Given material:
━━━━━━━━━━━━━━━━━━━━

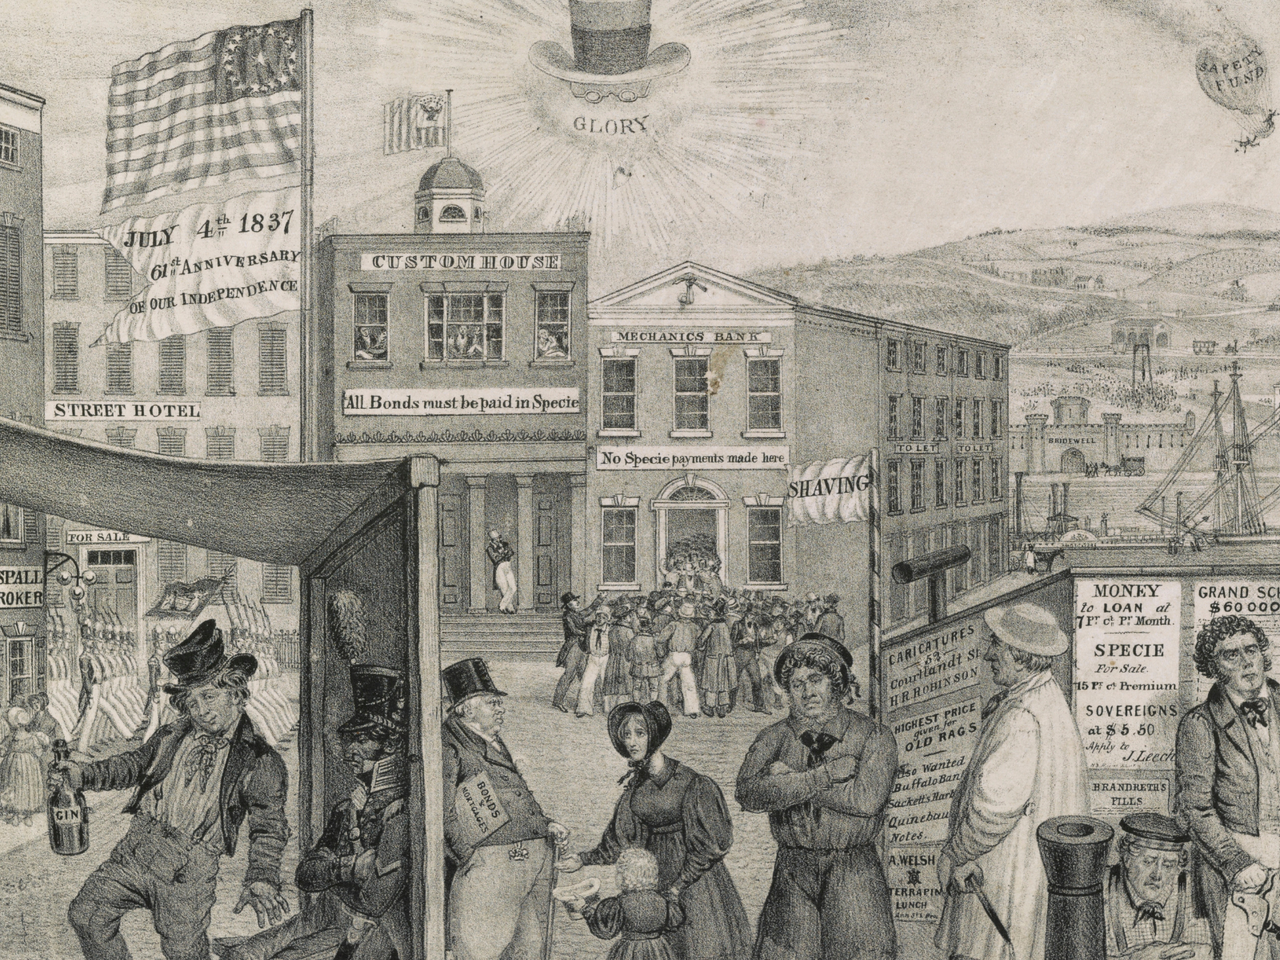 Lithograph showing a satyrical urban scene, intended to blame the depressed state of the American economy on Andrew Jackson, represented in the sky by floating hat, spectacles, and clay pipe with the word glory
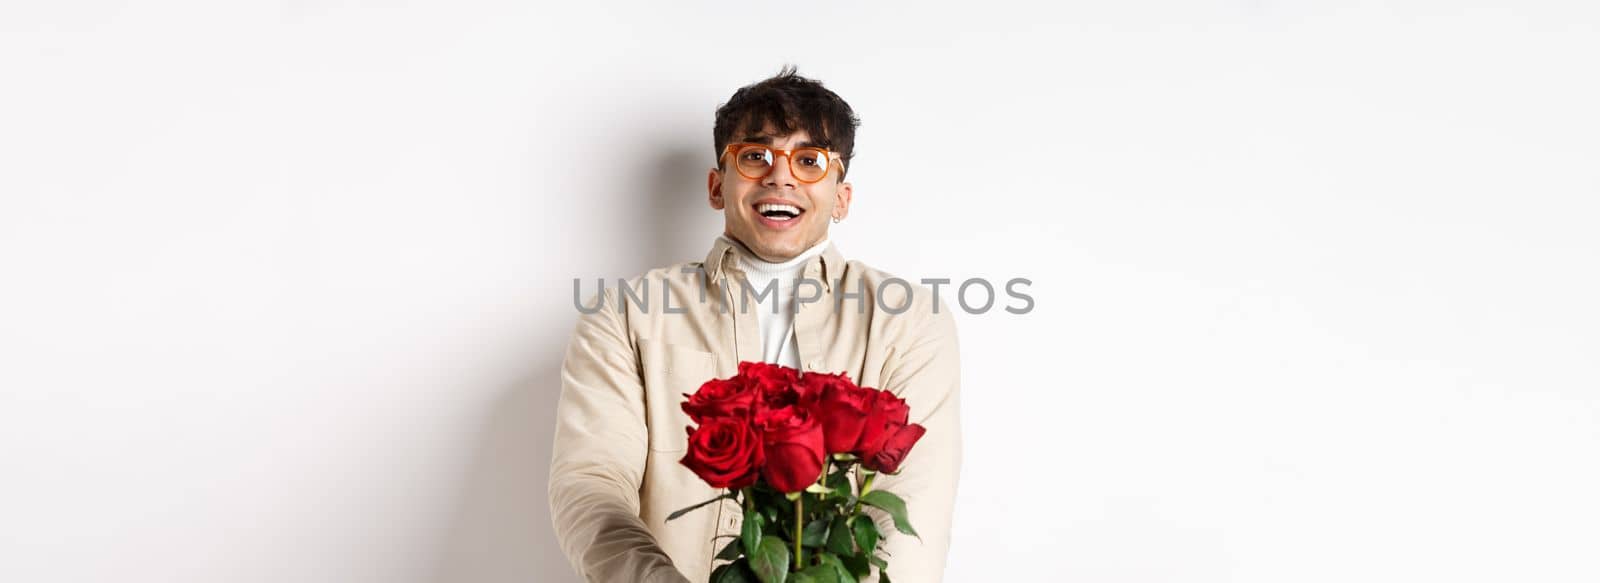 Man in love holding red roses and looking tenderly at camera, staring at lover with happy face, celebrating Valentines day with girlfriend, standing over white background.
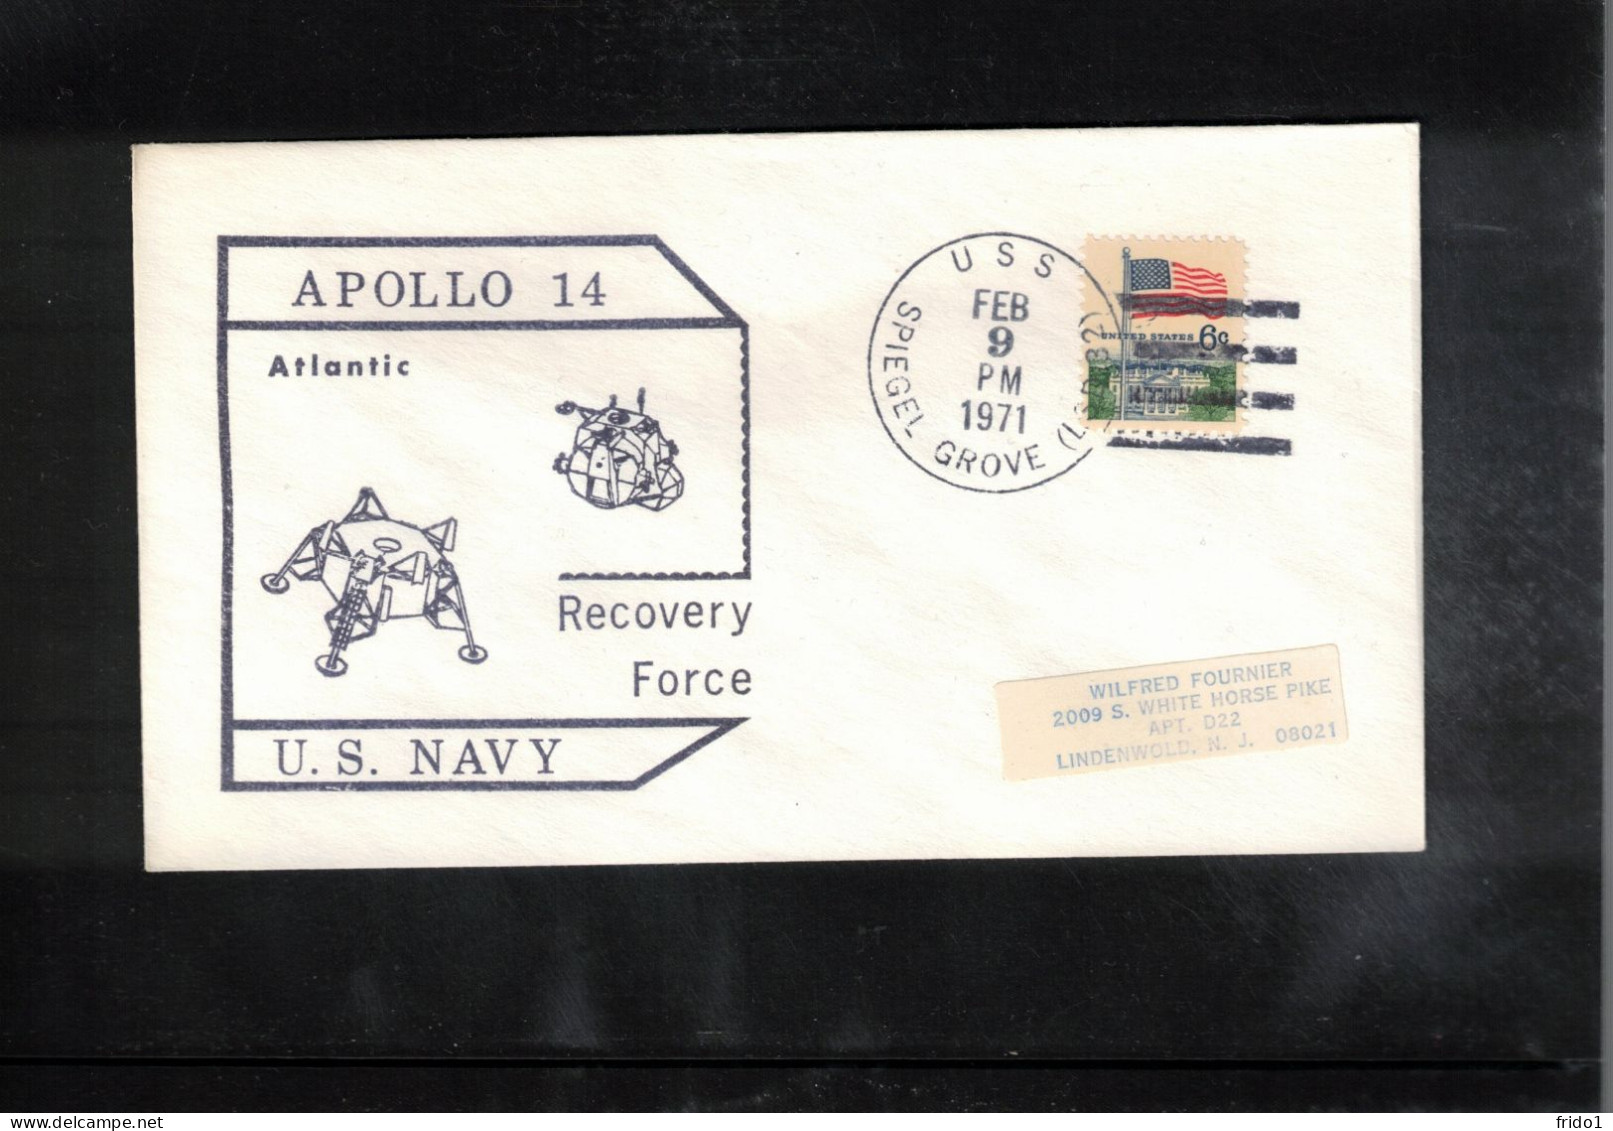 USA 1971 Space / Weltraum - Apollo 14 - US Navy Recovery Force Atlantic USS SPIEGEL Interesting Cover - United States
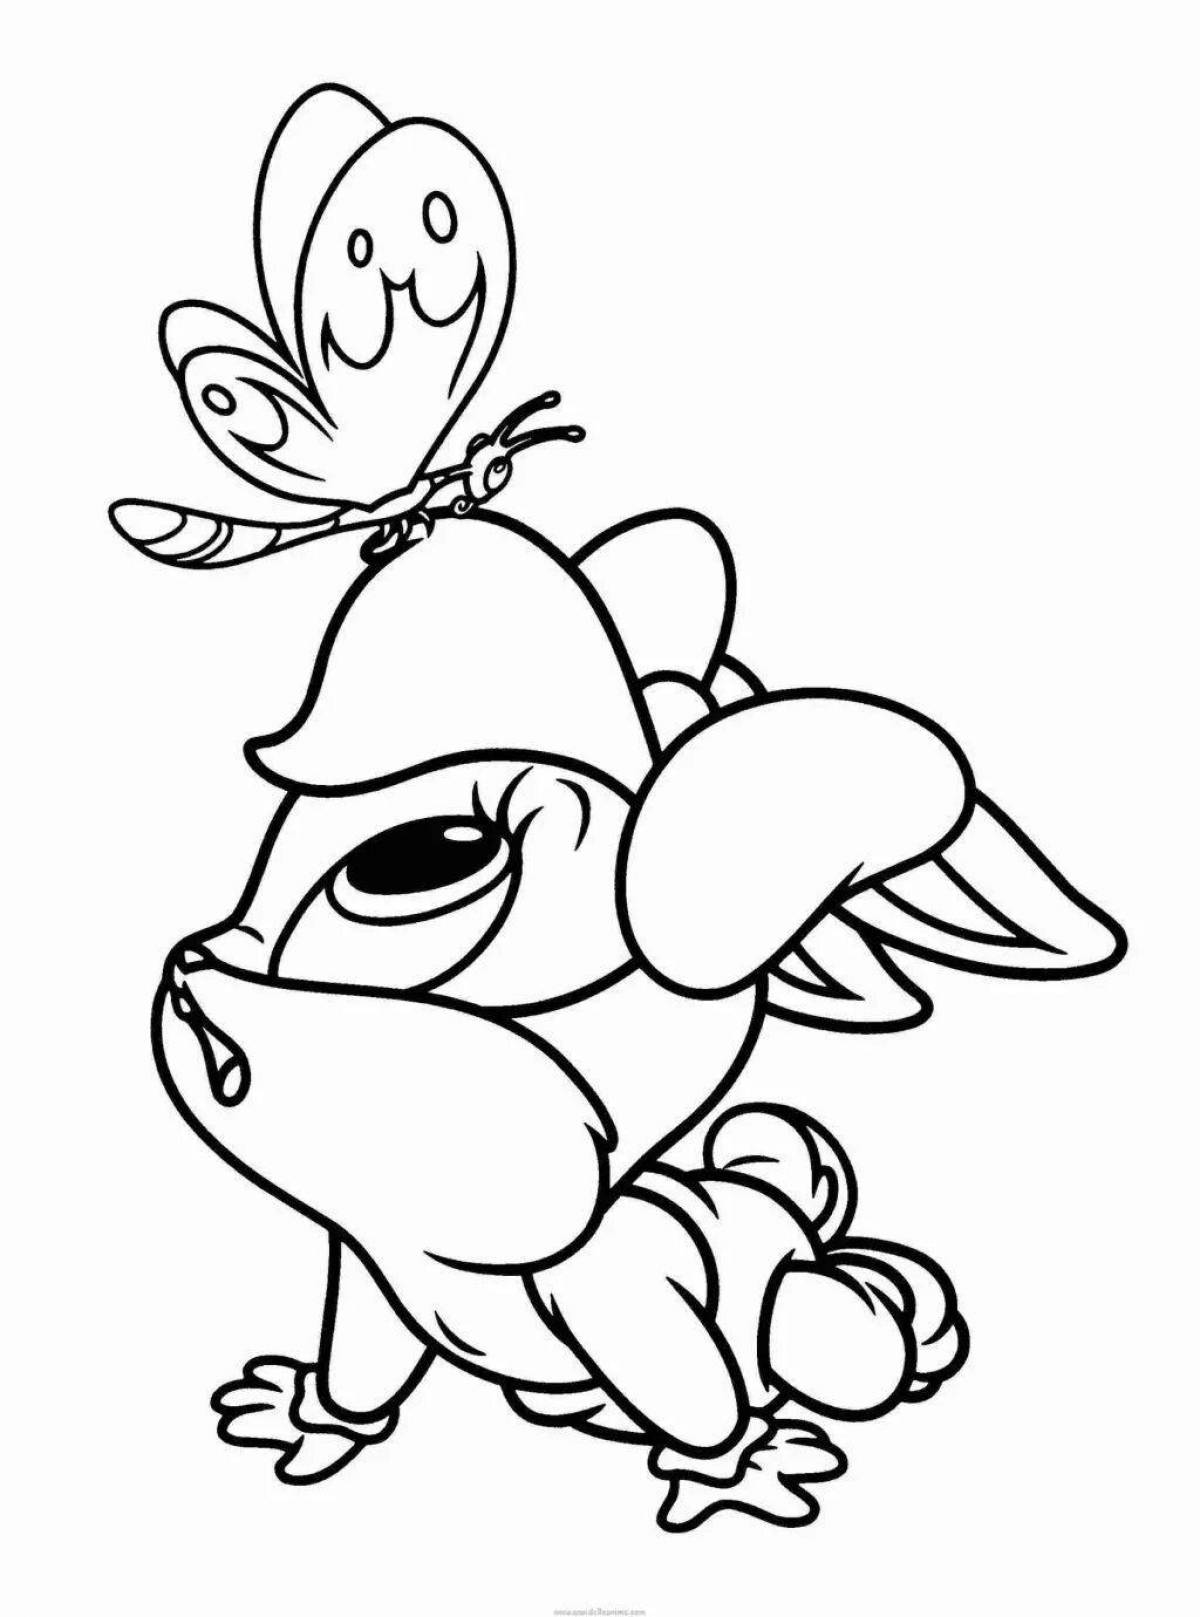 Color frenzy cartoon character coloring page

━━━━━━━━━━━━━━━━━━━━

Please write out all the data word for word, but keep every picture out.

 Lithograph showing a satyrical urban scene, intended to blame the depressed state of the American economy on Andrew Jackson, represented in the sky by floating hat, spectacles, and clay pipe with the word glory
 Man in love holding red roses and looking tenderly at camera, staring at lover with happy face, celebrating Valentines day with girlfriend, standing over white background.
 USA 1971 Space / Weltraum - Apollo 14 - US Navy Recovery Force Atlantic USS SPIEGEL Interesting Cover - United States
 Color frenzy cartoon character coloring page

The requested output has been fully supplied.